What is expected
Your copy of the entries below should hold exactly the lines from the one containing "An infographic for" to the one containing "Shred On with", inclusive, and no pictures.

Given records
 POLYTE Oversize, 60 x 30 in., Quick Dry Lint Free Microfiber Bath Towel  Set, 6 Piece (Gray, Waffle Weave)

==

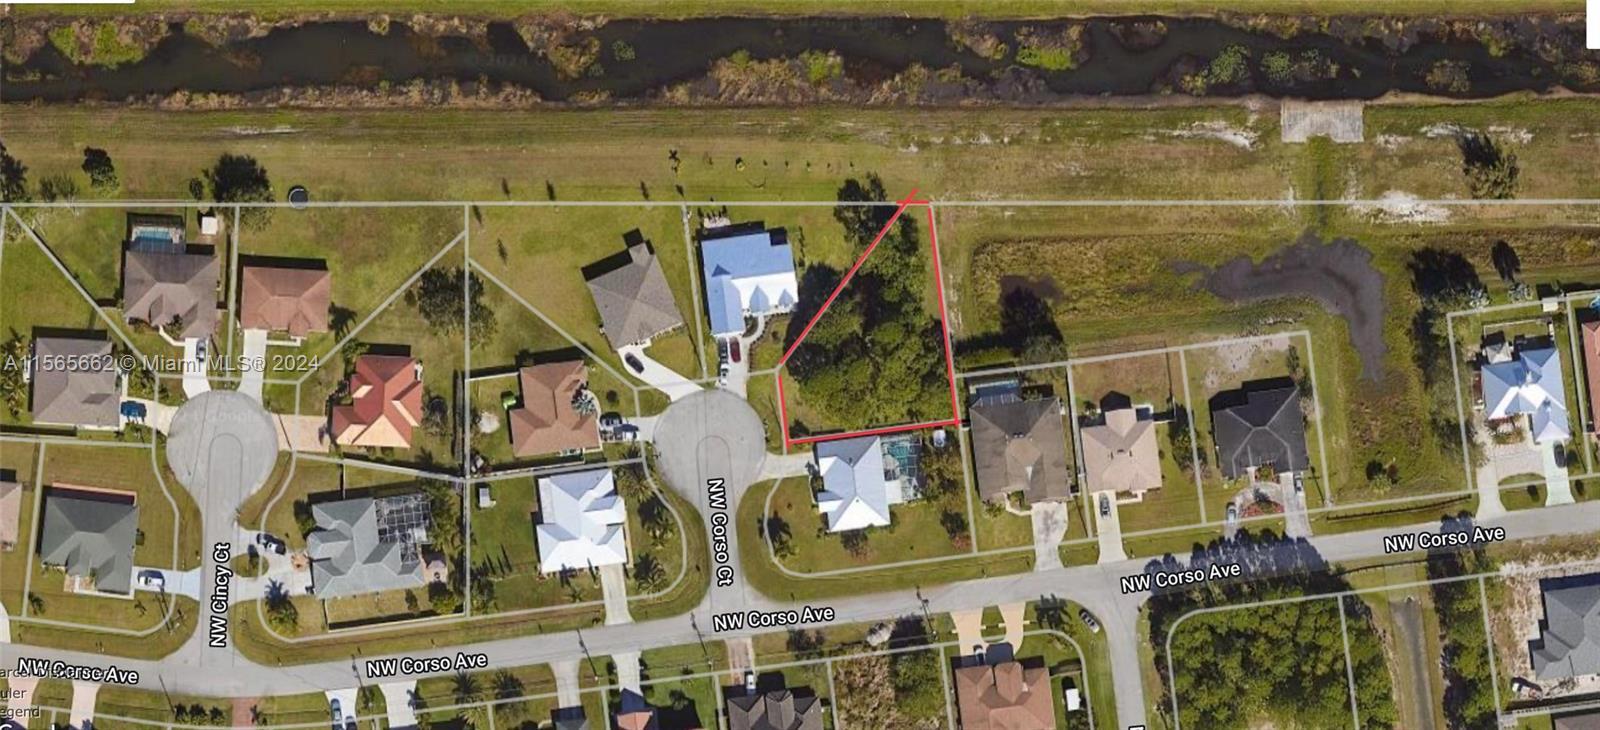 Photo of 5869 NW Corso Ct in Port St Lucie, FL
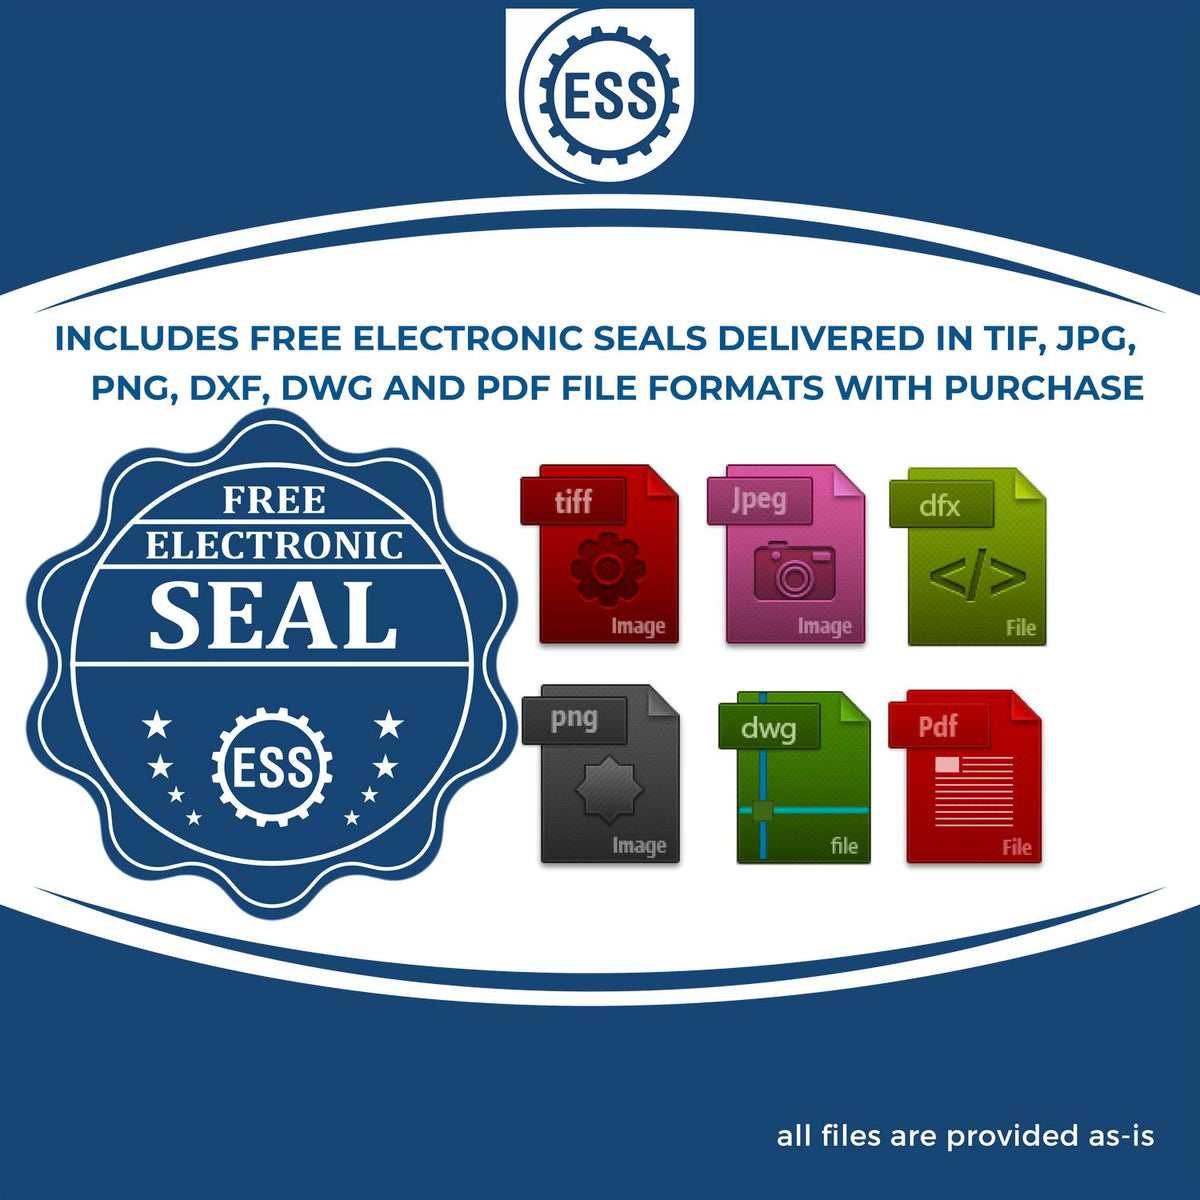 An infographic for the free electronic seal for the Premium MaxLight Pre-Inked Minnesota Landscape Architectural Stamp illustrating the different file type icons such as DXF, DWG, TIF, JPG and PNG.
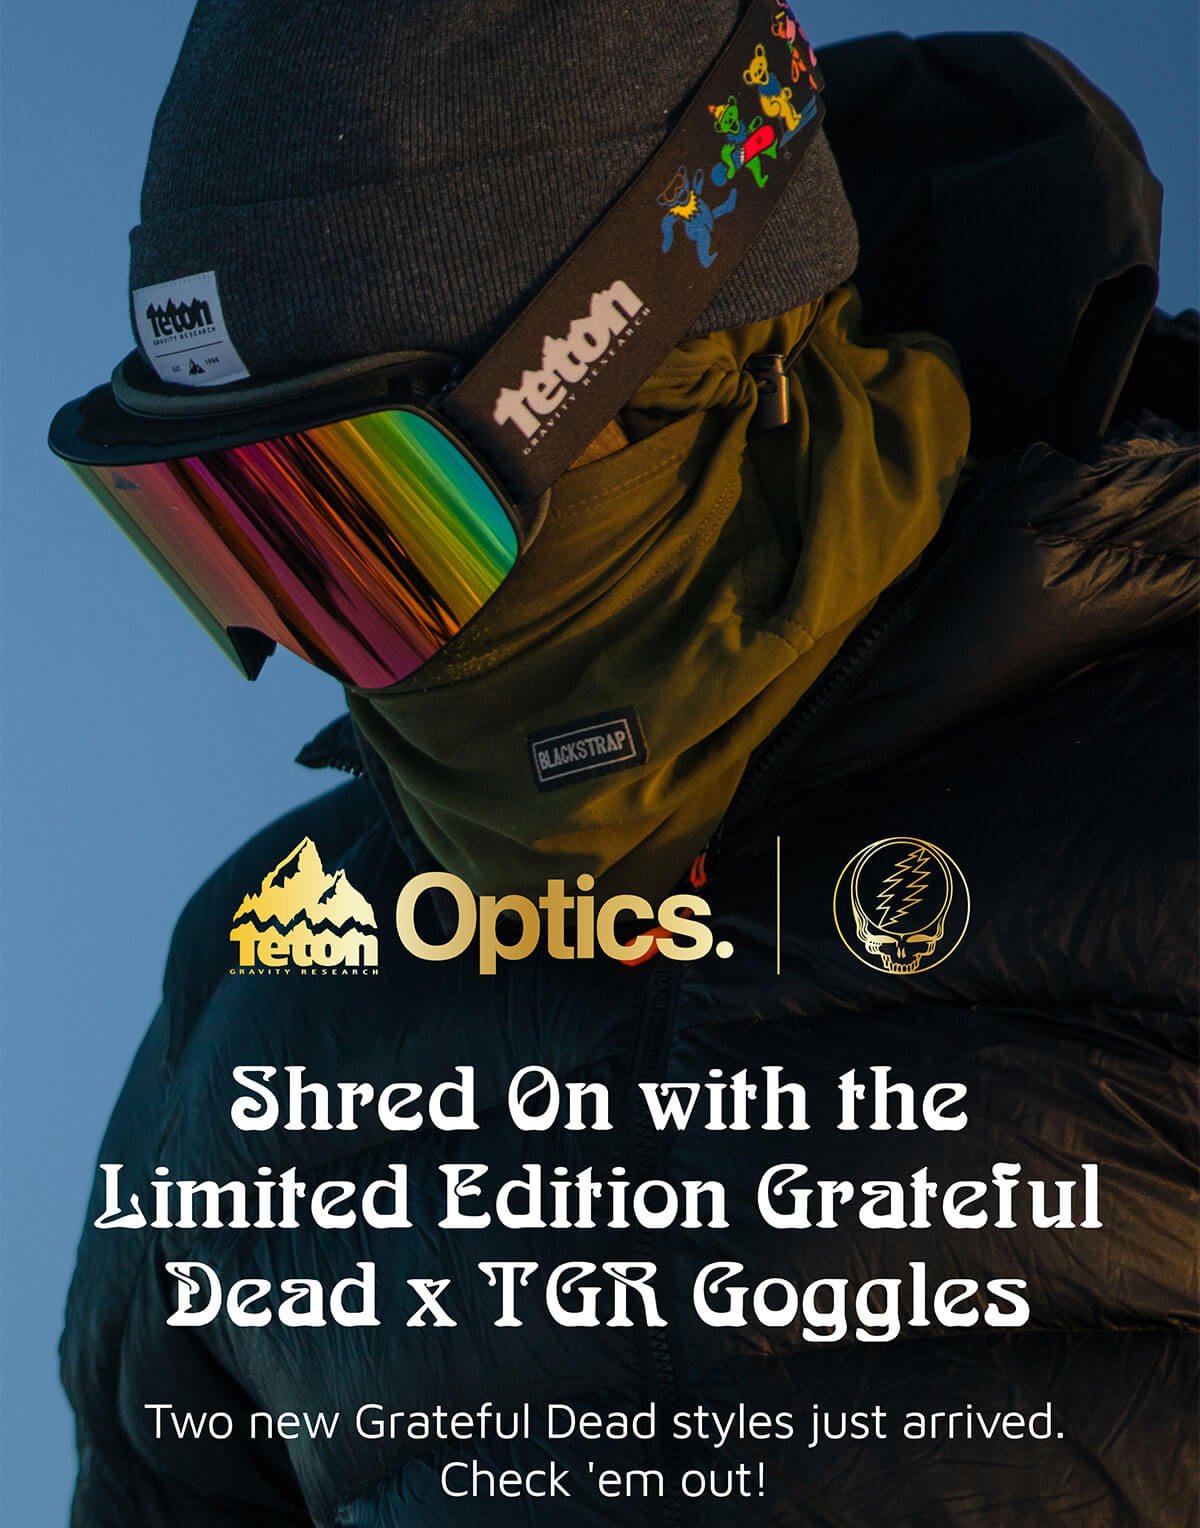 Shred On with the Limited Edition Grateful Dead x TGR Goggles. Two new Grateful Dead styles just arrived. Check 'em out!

Solution for this task
 An infographic for the free electronic seal for the Premium MaxLight Pre-Inked Minnesota Landscape Architectural Stamp illustrating the different file type icons such as DXF, DWG, TIF, JPG and PNG.
 Shred On with the Limited Edition Grateful Dead x TGR Goggles. Two new Grateful Dead styles just arrived. Check 'em out!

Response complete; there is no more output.